The downstream phases should be obvious: nfcore to run
the nfcore RNASeq pipeline, differential to build the
DESeq2 objects and a static report.
Recommended structure of individual phases
So far differential is the most
feature-rich phase, so I’ll focus on using that as an illustrative
example. The initial state of the phase contains: an empty skeleton of
an R project (split into an R folder which contains
function definitions, and a resources folder which contains
template markdown documents) and environment; a settings file
module.mk that contains e.g. what the R executable is; and
a makefile which serves two purposes.
The first time this makefile is activated with make run
in the differential folder for a project, the differential folder will
‘realise’ that it needs a spec-file from the docs folder (in the
terminology of make, it has a prerequisite on a file in the
docs folder), and so copy it. It also realises it needs a counts file
from the nfcore folder, so it will attempt to copy it. But the nfcore
folder will postpone that copying because the counts don’t exist yet! So
it will itself detect that it needs information from the ingress folder,
which in turn consults the docs folder…
On subsequent make runs, it should realise it has
everything it needs, but will scan back up the dependencies, so if a
spec file in the docs folder has changed (and is more recent than the
one in the differential folder) that will propogate into the
differential folder. An important aspect is that after everything had
run through successfully, it should be possible to share just, say, the
differential folder and for everything to work.
As long as things run through once, we are subsequently free to
either analyse with all the component directories in place (in case we
make a change that e.g. means nfcore needs to be re-run), or we can chop
off the final stage of the analysis as an entirely self-contained
directory (the only criterion being that the directory is not located
alongside other directories that share a name of one of the original
siblings, such as docs as that will confuse things!)
This illustrates the general flow: there’s a linear progression of phases, each of which will bootstrap itself so it gathers all its pre-requisites into its own scope, and then generate all its output in a controlled manner so that other phases downstream of it can gather them for their own needs.
nfcore follows the same flow, but is much
simpler. make run here will first gather the samplesheet
and alignment configuration files from docs (via
ingress) and make them nfcore-compliant.
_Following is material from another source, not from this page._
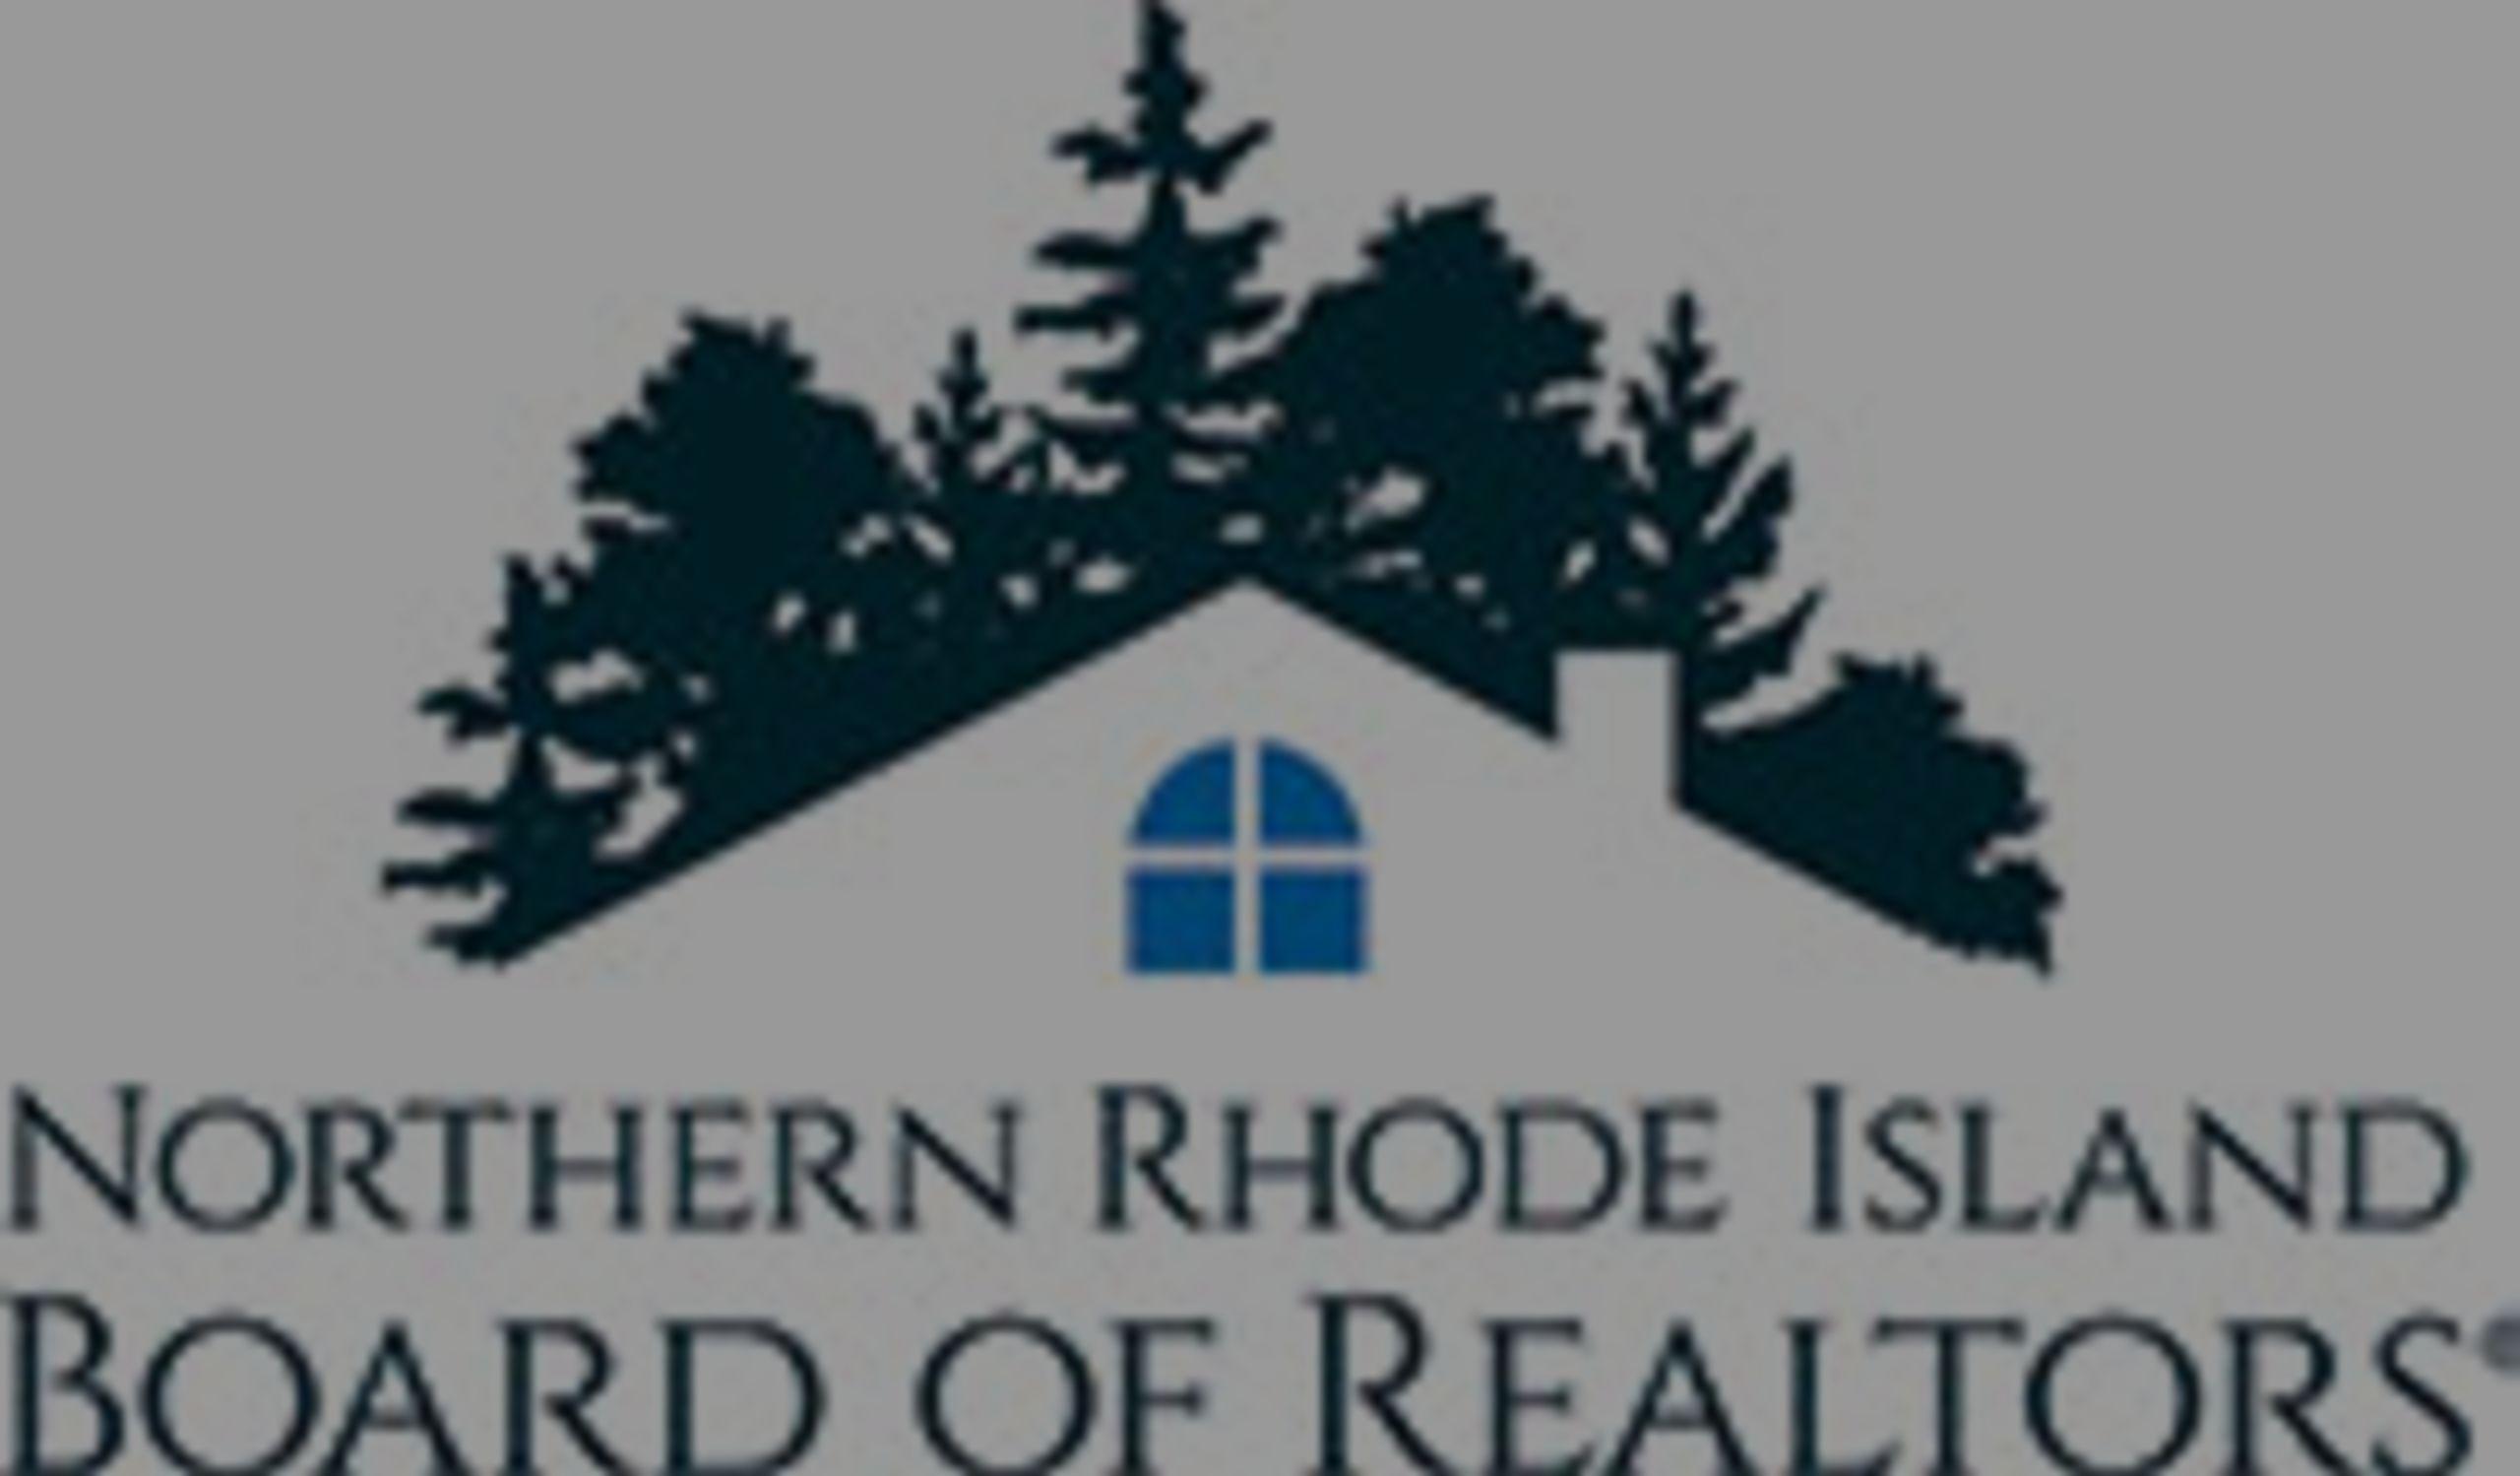 2017 Northern RI Realtor of the Year
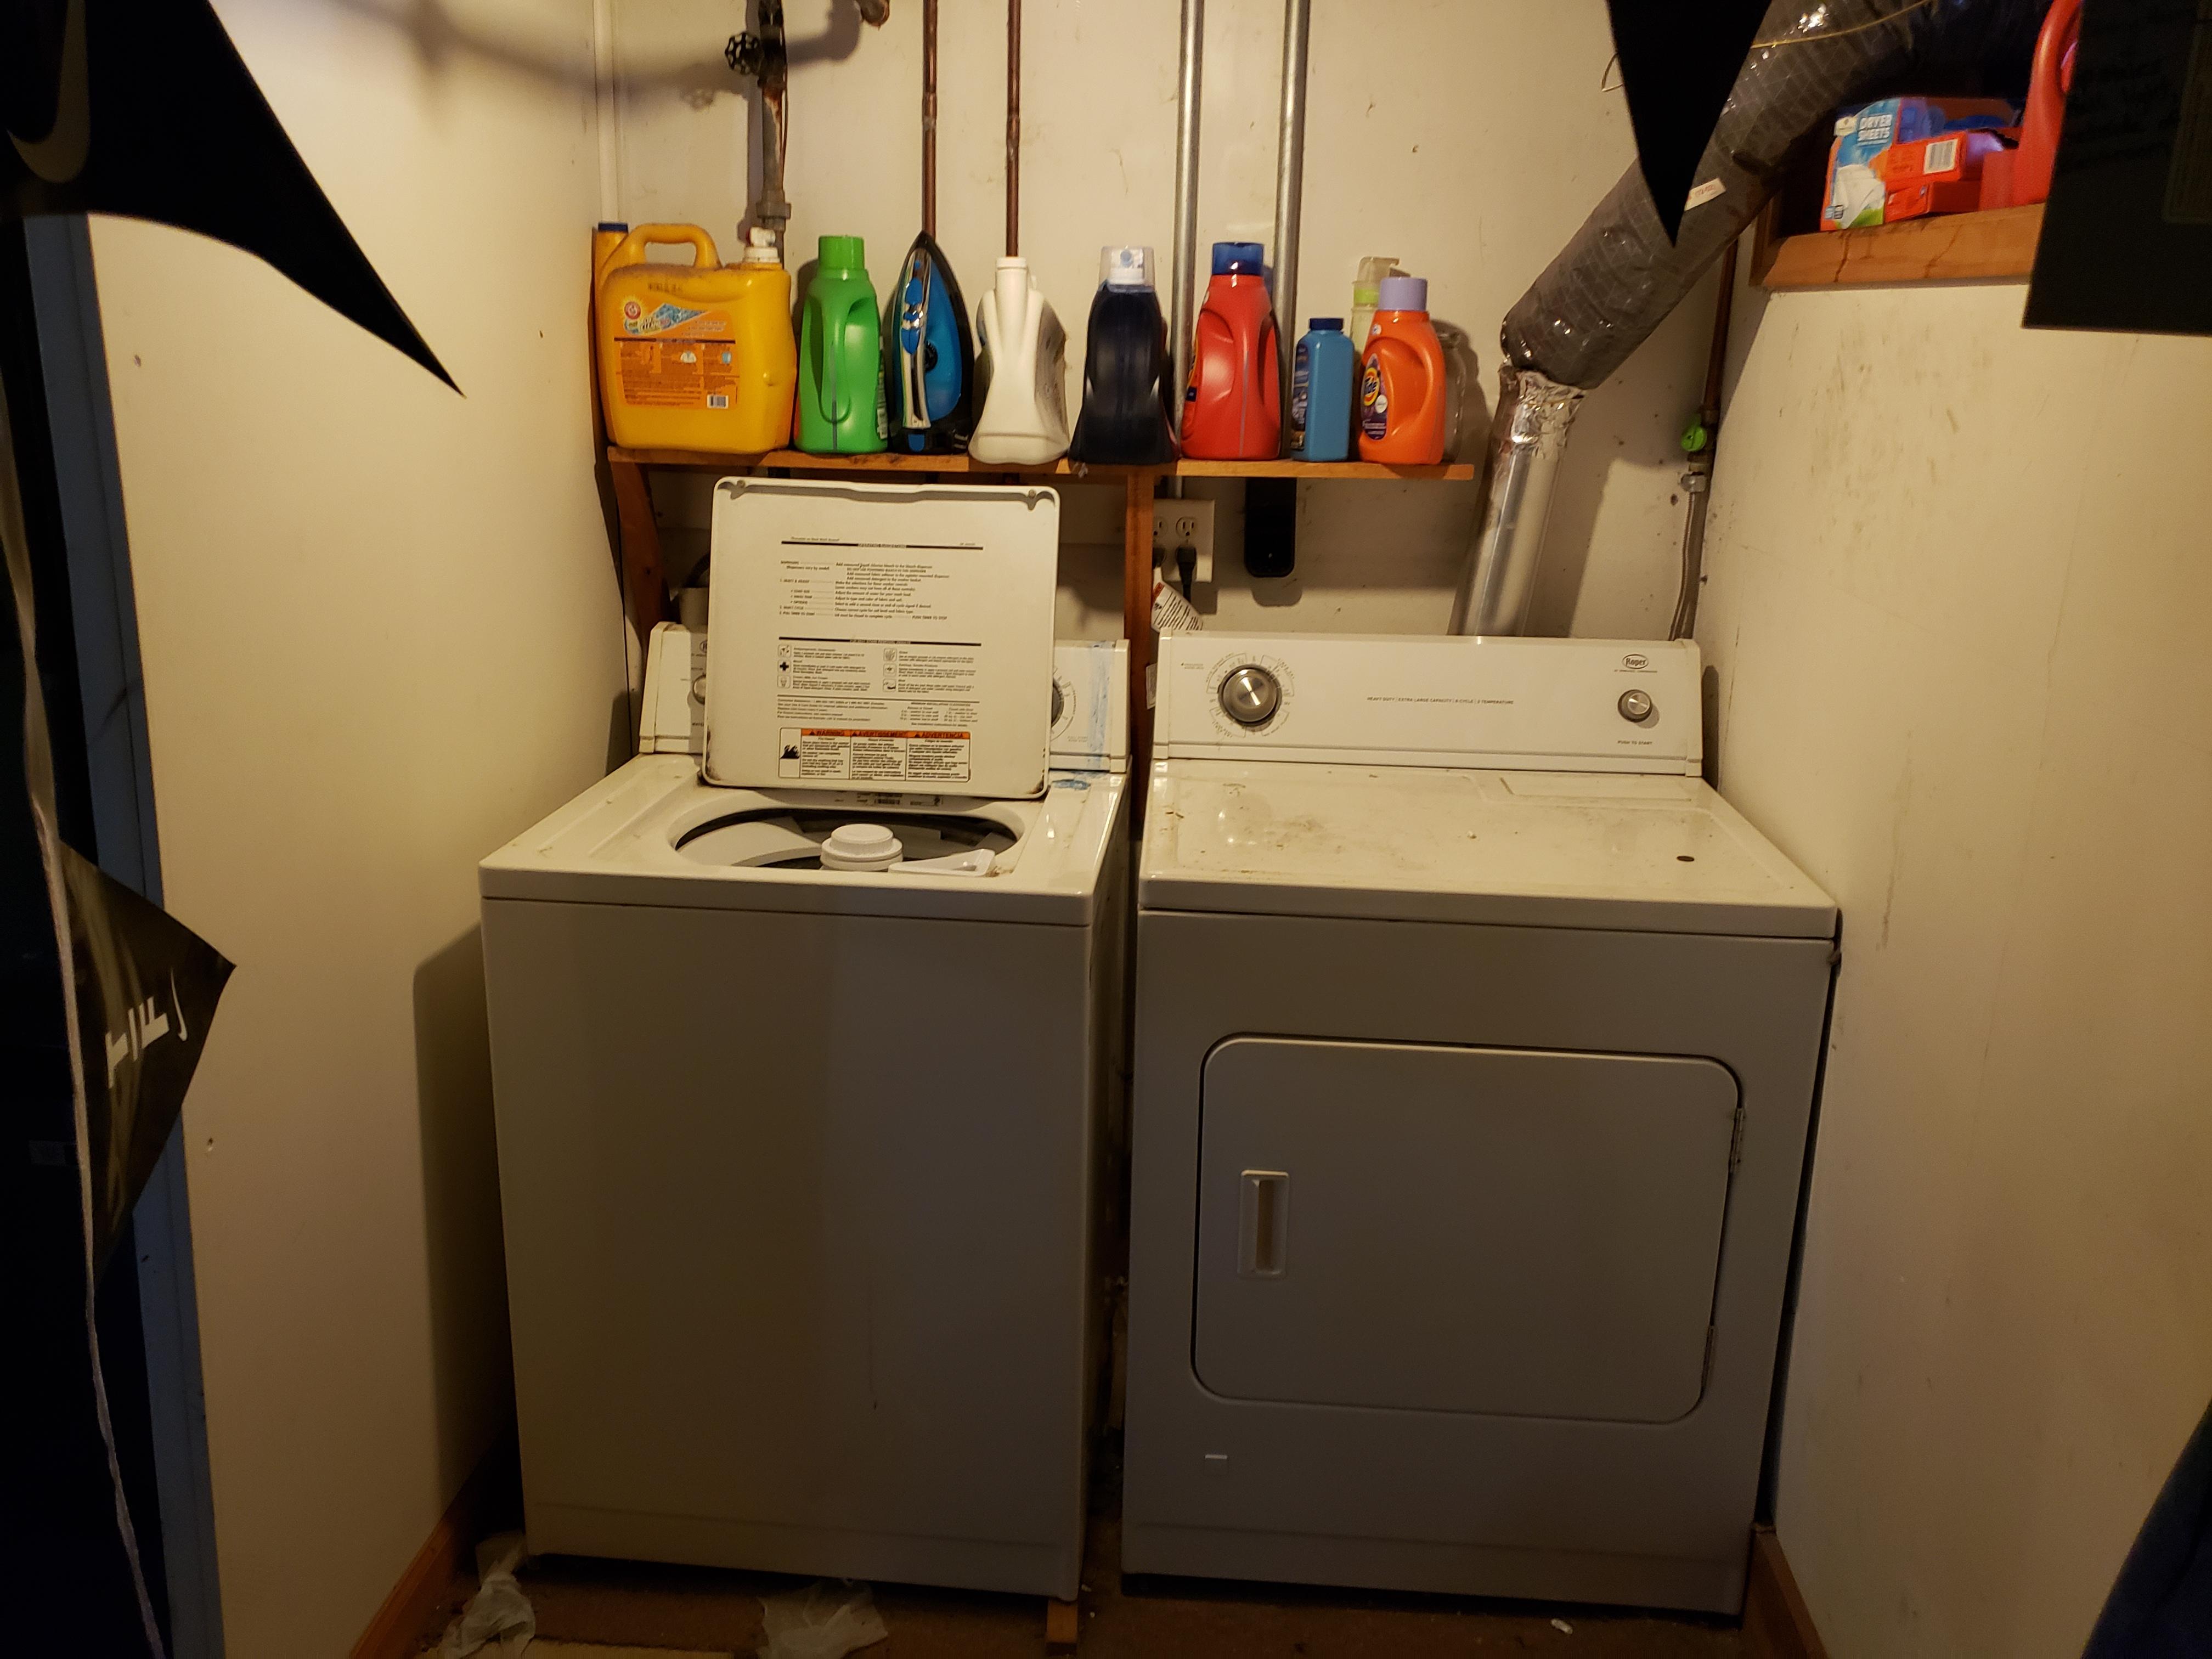 125 - 1649 Laundry

It will then
proceed to run the nfcore RNASeq pipeline based on the information it
has gathered.
Orchestration of phases
At the top ‘babs’ level of the hierarchy, there is another makefile.
When a make all is executed at that level, it will descend
into the ultimate (ie differential) folder and do a
make run. In this way, the whole pre-specified analysis
should be carried out. But if you only want the results of the nfcore,
then make nfcore in the babs folder will
suffice (so make all at this top level is directly
equivalent to make differential).
A *.err file at this top level will store the commentary
of what happened - and on successful completion of a phase it will get
turned into a corresponding phase.log file. Within each
phase, there is likely to be a logs subdirectory which
contains individual log files.
Also in this top-level are two makefiles that will be loaded into
every phase automatically. shared.mk will be under version
control, and includes generic recipes and variables that are likely to
be used by more than one phase. It also loads secret.mk
which contains site-specific settings that you don’t want to put in a
public repository as it may contain file-paths etc. Both of these files
get automatically duplicated into each phase that uses them, to maintain
the ability to cleave a folder away from the whole pipeline once it has
been run.